Is this right? (2, Insightful)

ObviousGuy (578567) | more than 10 years ago | (#8188989)

It's a simple question: Just because you can, should you?

Re:Is this right? (1)

vpscolo (737900) | more than 10 years ago | (#8189091)

If everyone else is doing it should you? If you best friend jumped off a cliff would you follow?

Rus

Re:Is this right? (1)

Quill_28 (553921) | more than 10 years ago | (#8189095)

Good question and a fair one.

With an uncapped modem you are basically stealing for the other users(at least in heavy load times)

Re:Is this right? (1)

gl4ss (559668) | more than 10 years ago | (#8189244)

with uncapped cable modem you're basically posting a banner in your window "HEY CABLE COMPANY, I'M STEALING BANDWITH!!!!! COME AND DROP ME, MIGHT AS WELL SUE!!"

it's not really like they don't know you have the thingy.. well maybe if you hacked it enough you could sniff some other users mac id,or whatever there's in those things to seperate them from each other. there's no pppoe here anyways on cable modems usually to handle the negotiation, it's basically that you just stick the cable modem that obviously is somehow identified to the cable jack and then connect a computer to the ethernet connection of the cable modem.

anyways the possible negatives from getting caught outweight the little positives of getting few kb more by a quite wide margin(most probably you'd be just not breaking the tos but the law as well).

Very neat (2, Interesting)

BenDalton (573850) | more than 10 years ago | (#8188990)

now if someone could do this for my cable modem. Although, I have to wonder how many people will use this to uncap their cable modem only to get in trouble by their provider. In this society, i wonder how long until the developers get sued by the people installing it on their cable modems because they got prosecuted by their provider? Sigh... what a nice little circle

Increasing Speed (4, Interesting)

vpscolo (737900) | more than 10 years ago | (#8188993)

Of course you can always setup a compressed SSH tunnel to speed up the text part of web browsing. I've found you get get upto 400% increases which is nice :)

rus

Re:Increasing Speed (0)

Anonymous Coward | more than 10 years ago | (#8189101)

Of course you can always setup a compressed SSH tunnel to speed up the text part of web browsing. I've found you get get upto 400% increases

A tunnel to where exactly? That only works if you've got a shell account on an external server which has extra bandwidth.

Can you read the text 400% faster too? ;-)

Re:Increasing Speed (1, Insightful)

Anonymous Coward | more than 10 years ago | (#8189199)

Of course you can always setup a compressed SSH tunnel to speed up the text part of web browsing

I'm sure people wanting to uncap their modems won't be interested in text websites. MP3s, movies and w4r3z are already compressed...

Hmm... (5, Insightful)

Pxtl (151020) | more than 10 years ago | (#8188996)
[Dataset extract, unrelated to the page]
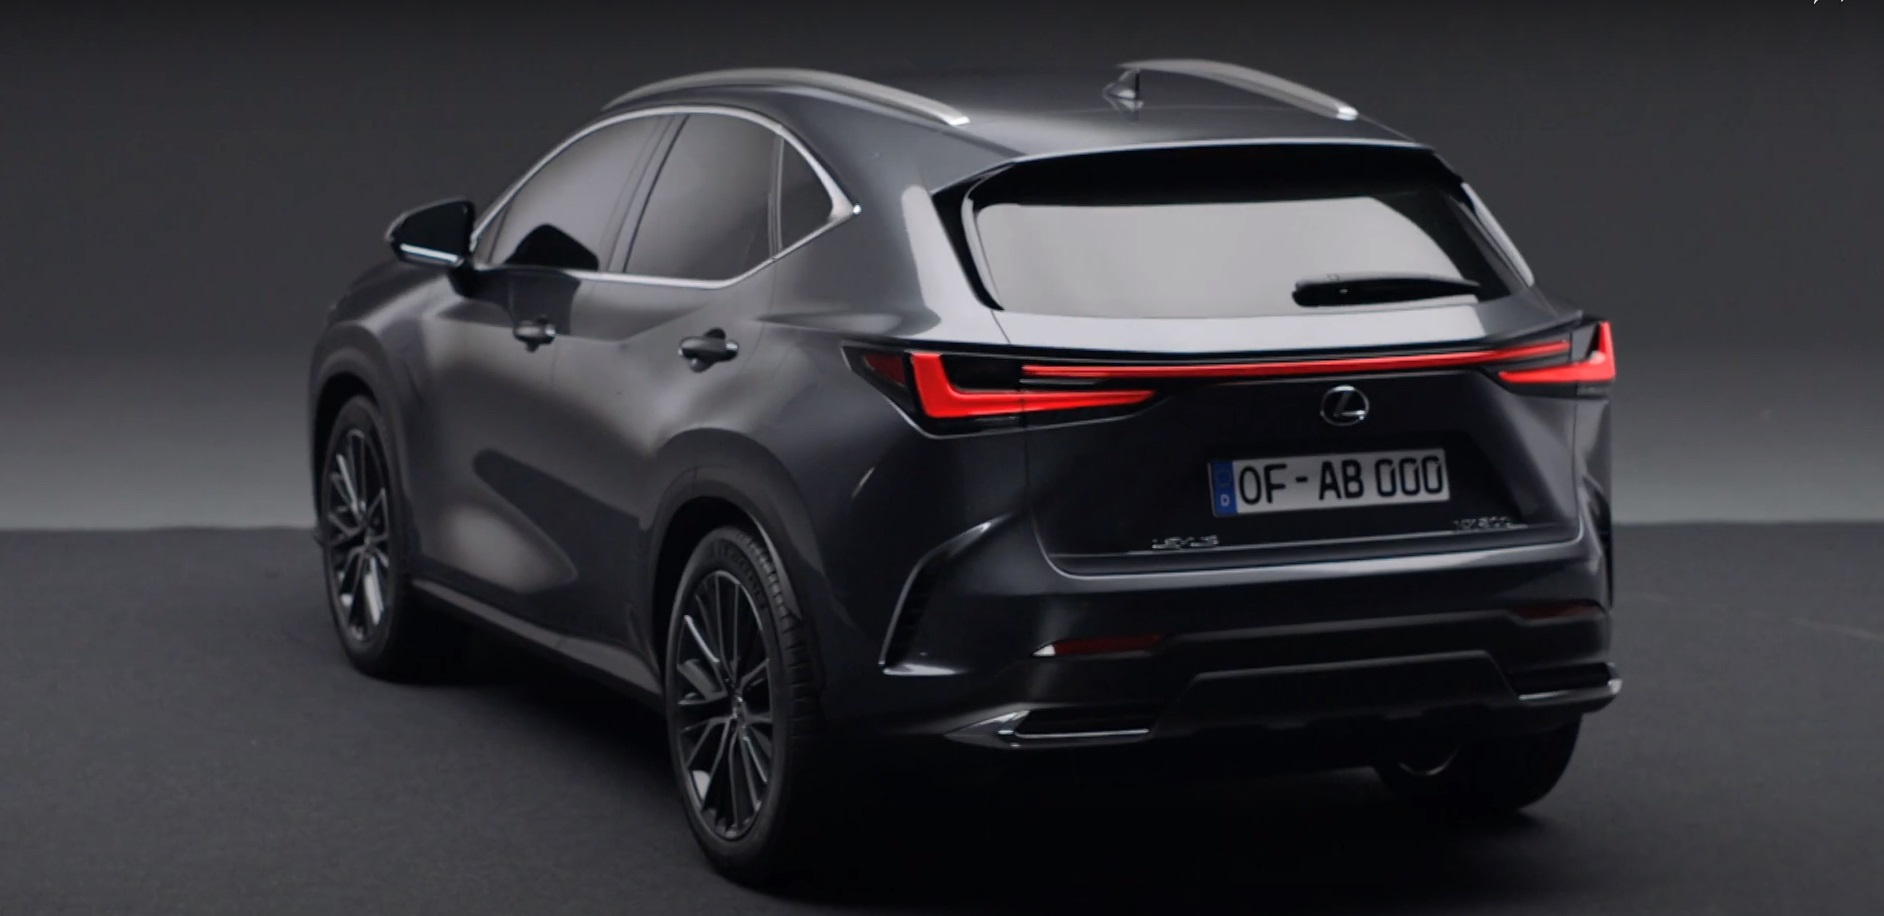 2022 Lexus NX: First Image Of All New Compact Premium SUV Surface Online
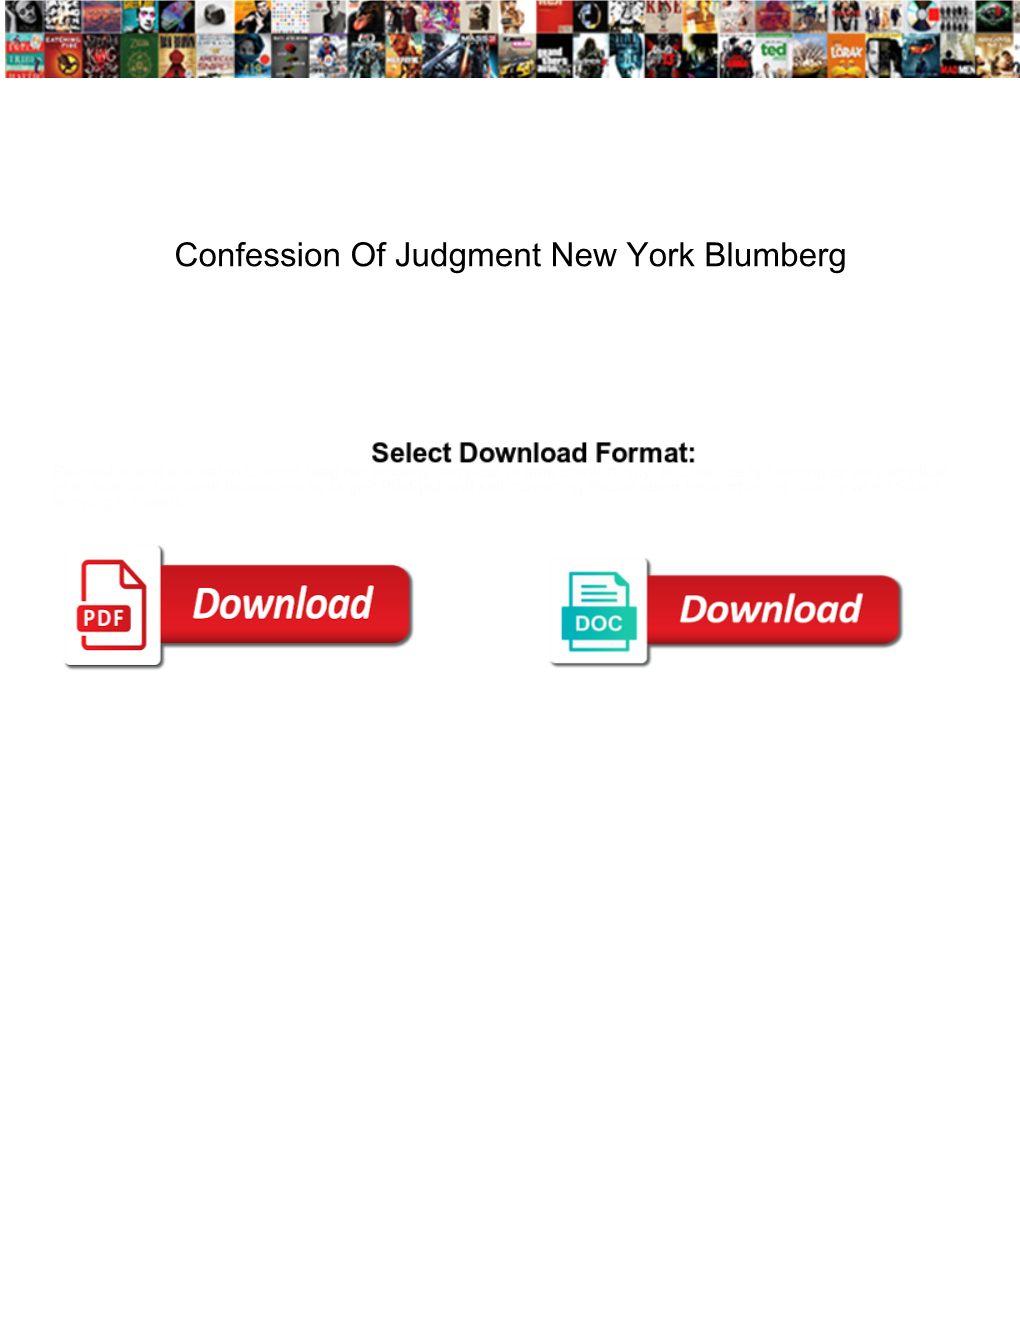 Confession of Judgment New York Blumberg

IANAA (I am not an admin) but shouldn't bandwidth capping be handled at the ISP's end, through a transparent proxy? Not through the cable modem? At the very least couldn't they just have the system automagically cut off service when the packets start flowing too fast, rather than getting into the legal minefields? Then they could say "I'm sorry, our system does not support uncapping" when someone tries and finds their machine not getting anything. Seems a more elegant solution than simply hoping nobody will try and then hosing lawyer hours at them when they do.

Re:Hmm... (5, Interesting)

hattmoward (695554) | more than 10 years ago | (#8189172)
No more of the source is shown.